▶ **EXERCISE INSTRUCTIONS**
Starting at the top line and ending at the bottom one, repeat the entries exactly and drop every picture.
++++
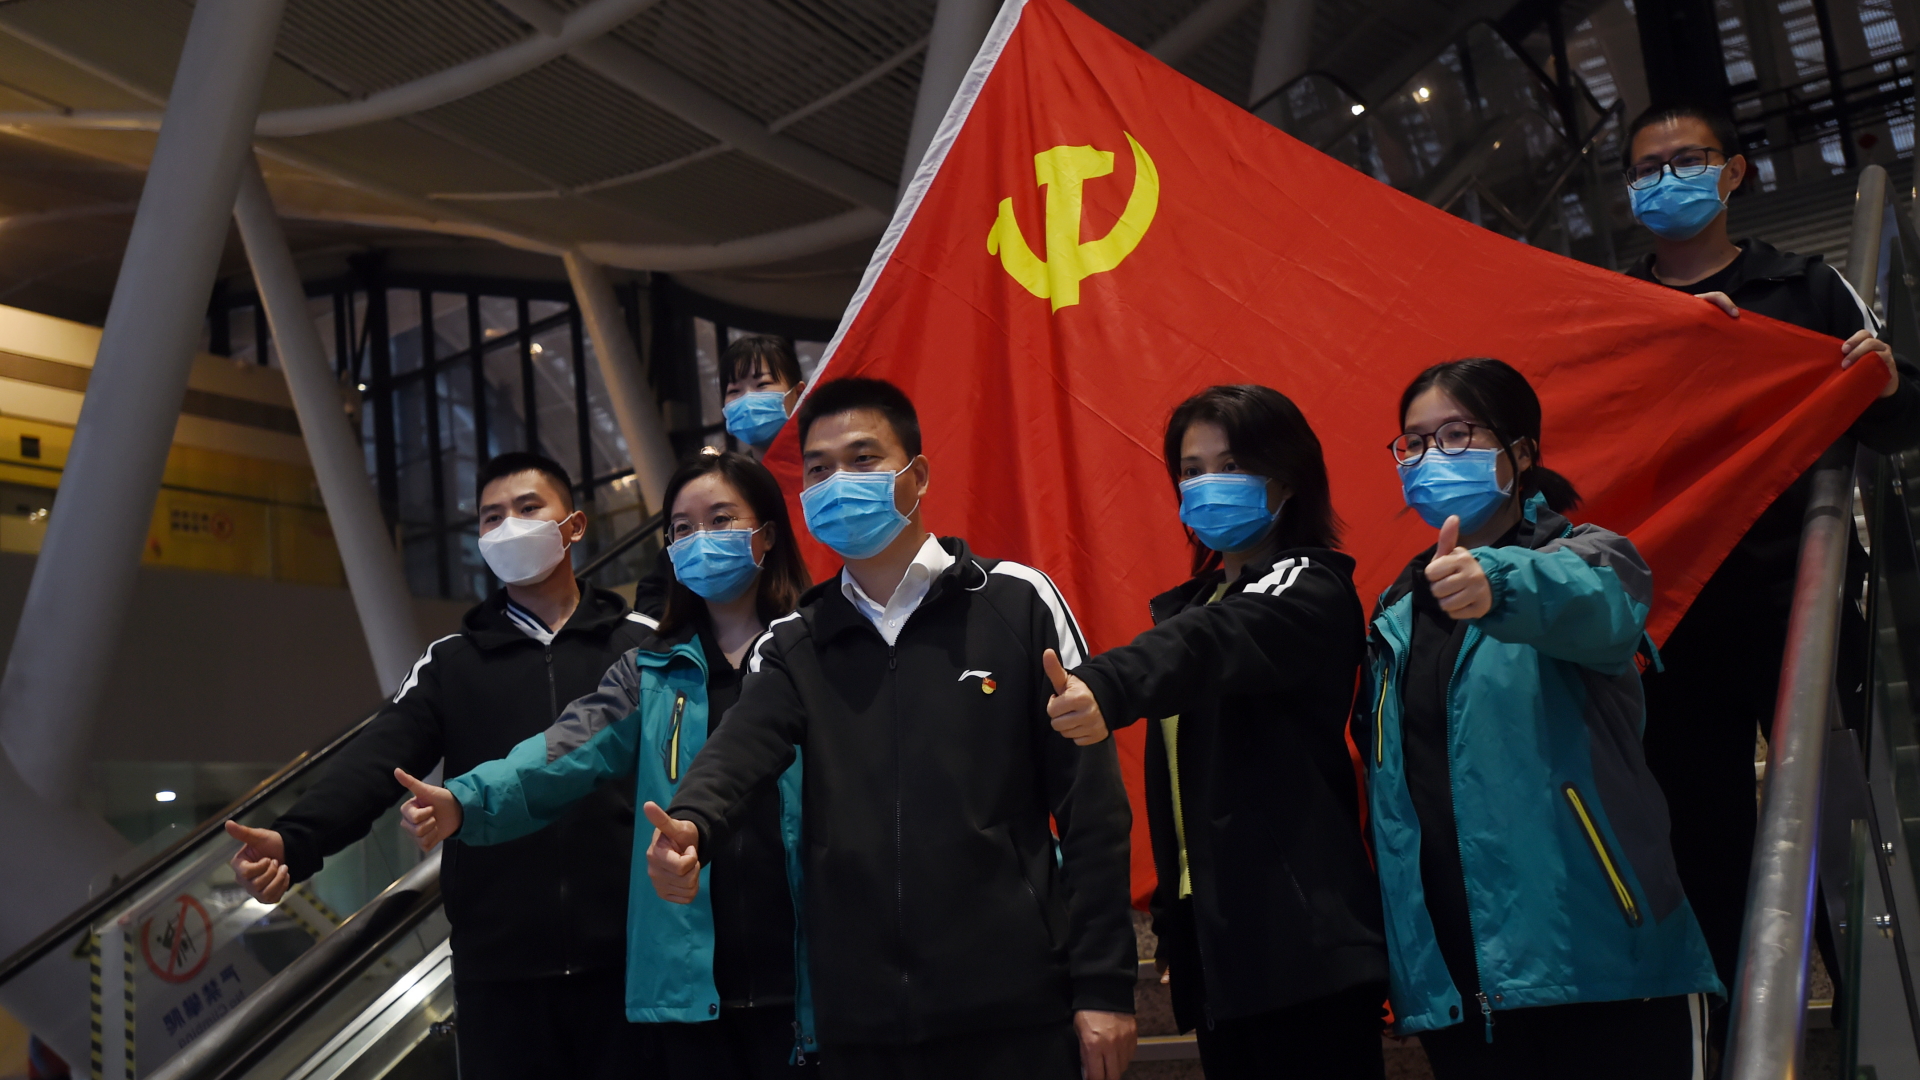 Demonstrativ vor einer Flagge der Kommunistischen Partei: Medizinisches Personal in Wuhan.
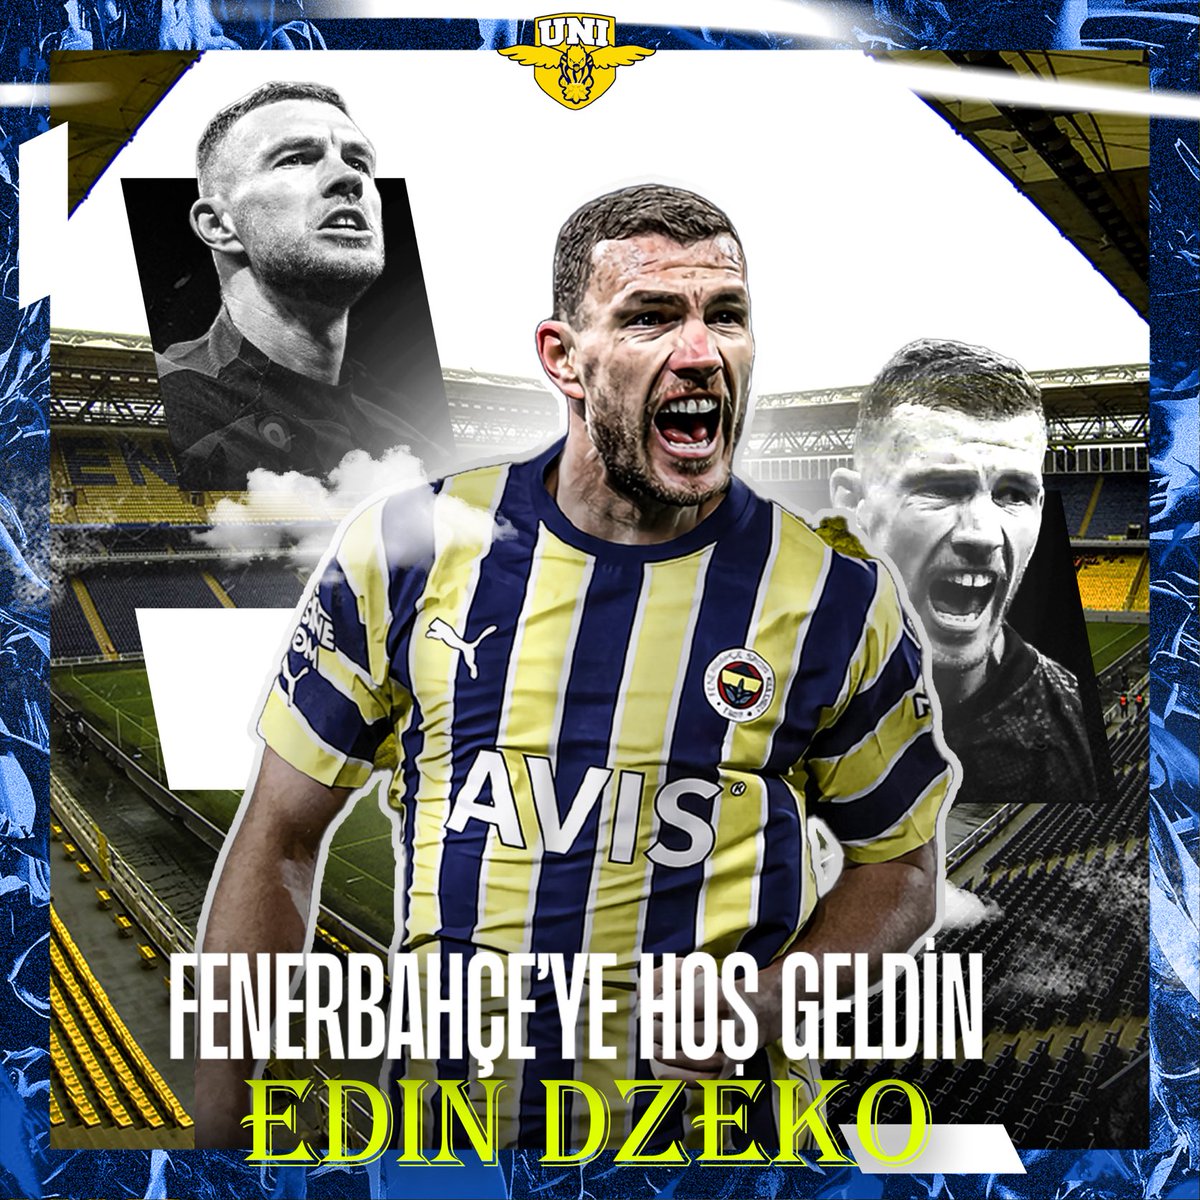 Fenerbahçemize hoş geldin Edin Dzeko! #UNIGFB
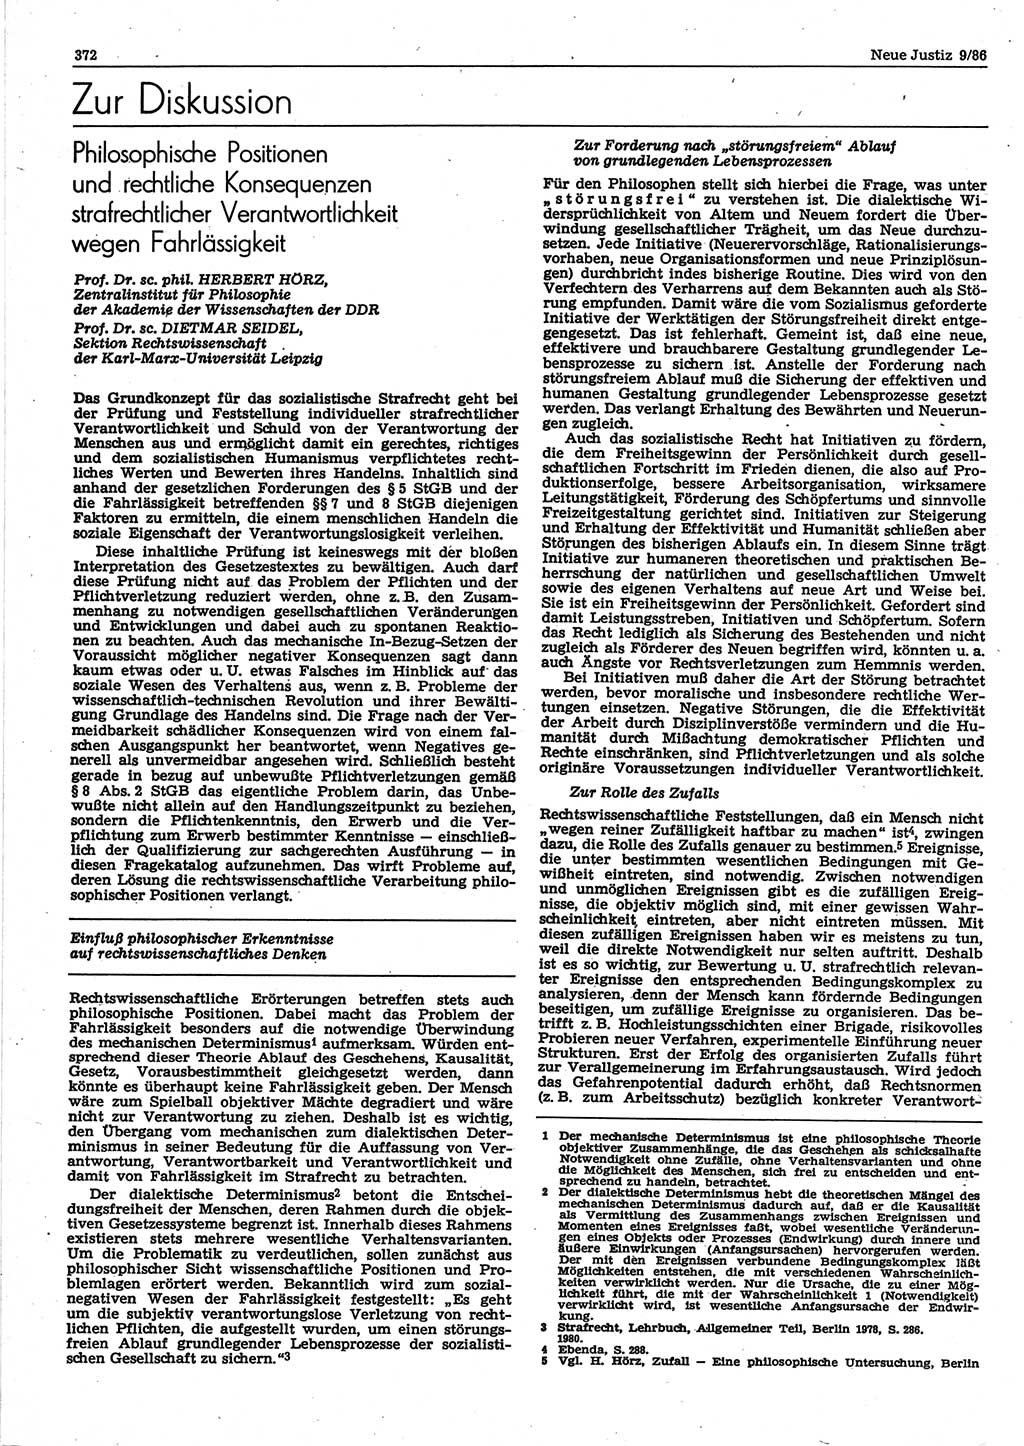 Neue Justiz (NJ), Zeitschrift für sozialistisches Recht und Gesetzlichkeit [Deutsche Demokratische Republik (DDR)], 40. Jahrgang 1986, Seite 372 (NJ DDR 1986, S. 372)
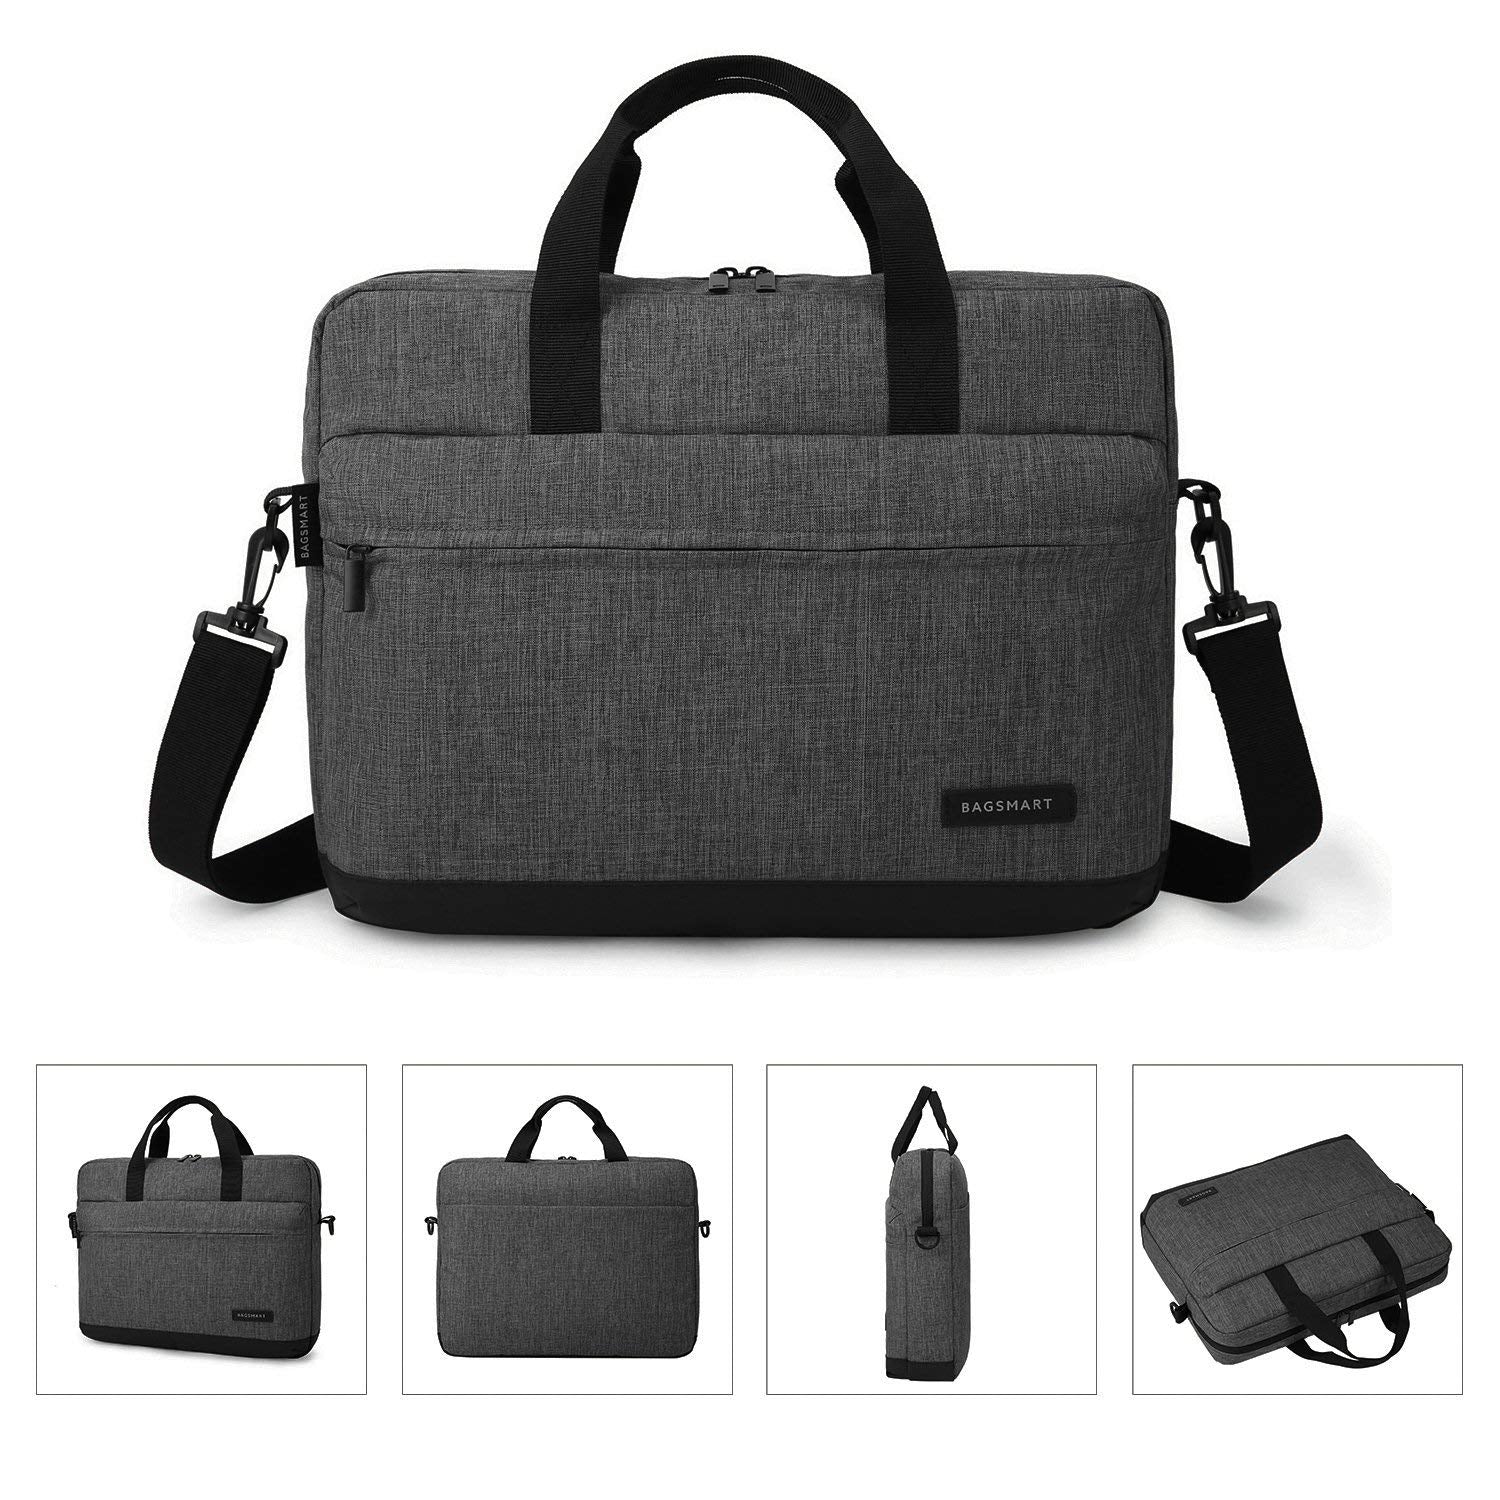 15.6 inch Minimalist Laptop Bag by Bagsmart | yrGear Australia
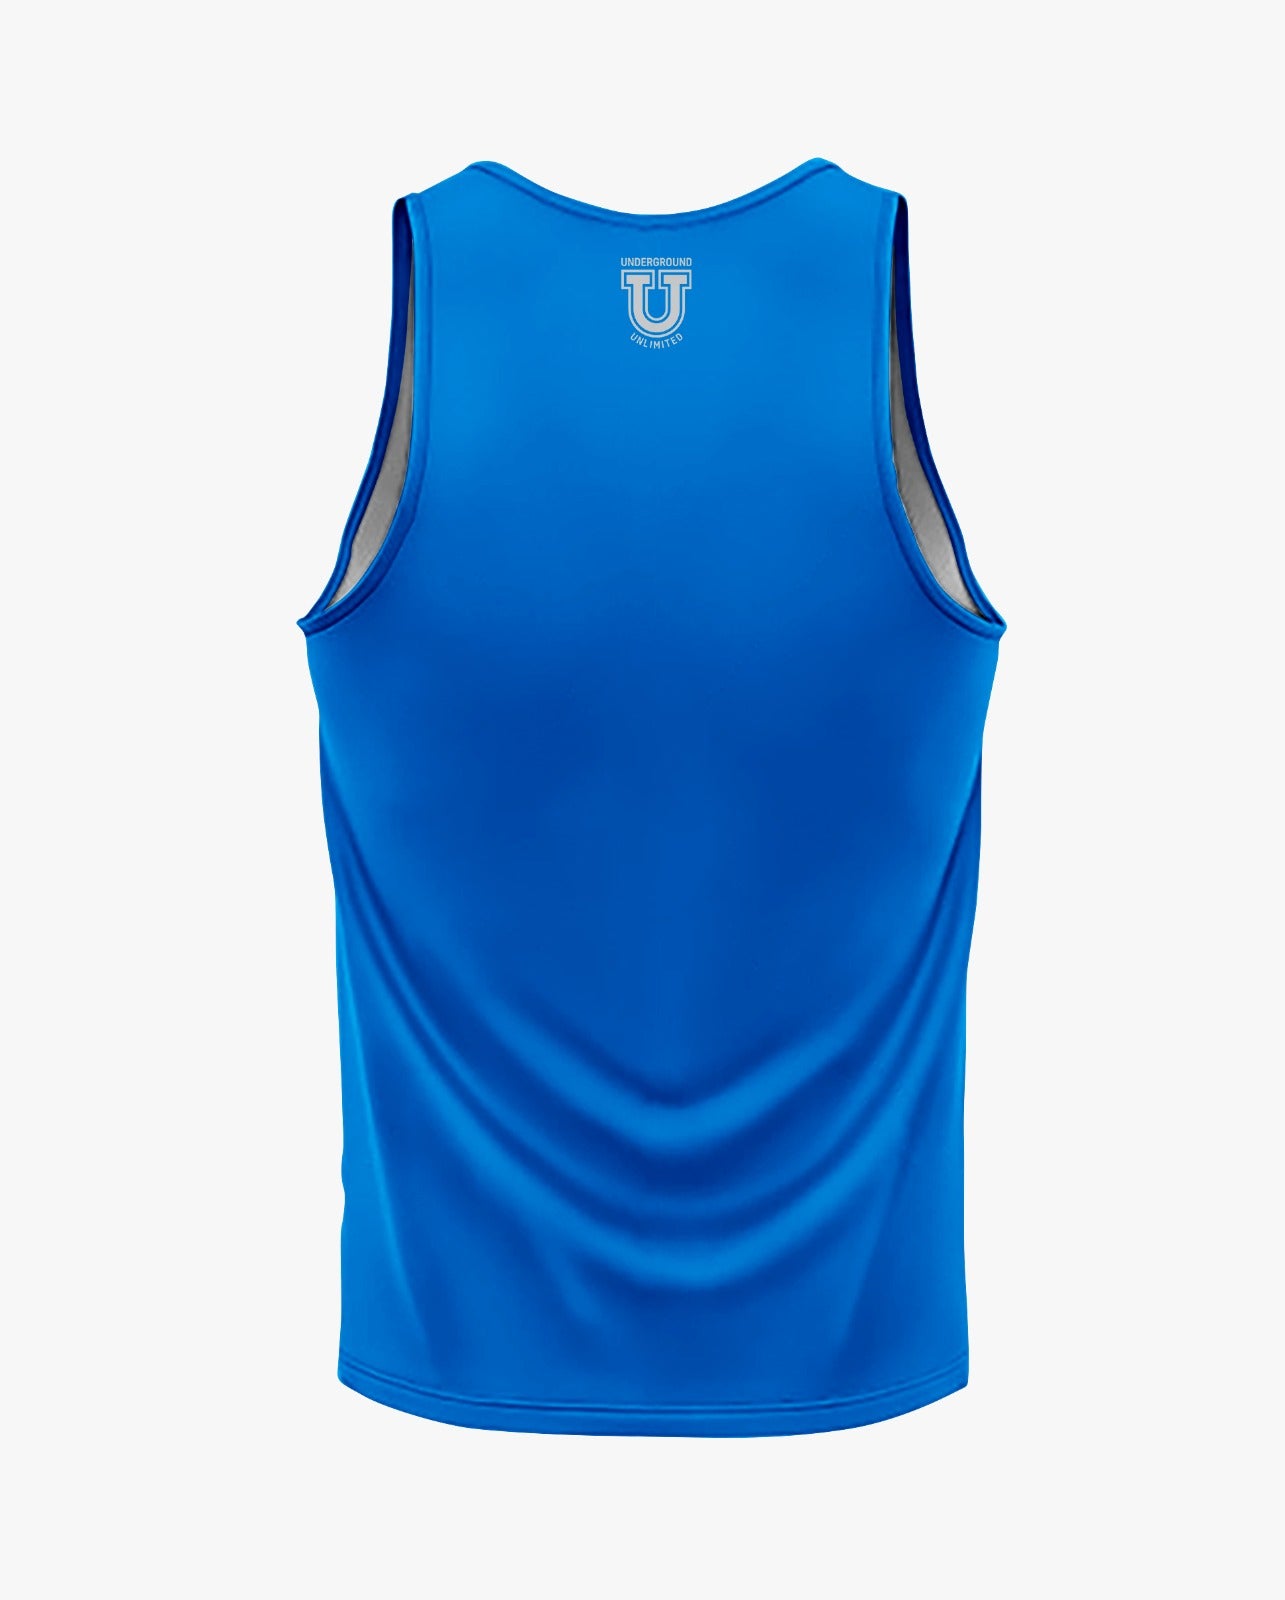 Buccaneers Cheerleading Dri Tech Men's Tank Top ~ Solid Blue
++++
▶ **EXERCISE RESULT**
 Demonstrativ vor einer Flagge der Kommunistischen Partei: Medizinisches Personal in Wuhan.
 Fenerbahçemize hoş geldin Edin Dzeko! #UNIGFB
 Neue Justiz (NJ), Zeitschrift für sozialistisches Recht und Gesetzlichkeit [Deutsche Demokratische Republik (DDR)], 40. Jahrgang 1986, Seite 372 (NJ DDR 1986, S. 372)
 15.6 inch Minimalist Laptop Bag by Bagsmart | yrGear Australia
 Buccaneers Cheerleading Dri Tech Men's Tank Top ~ Solid Blue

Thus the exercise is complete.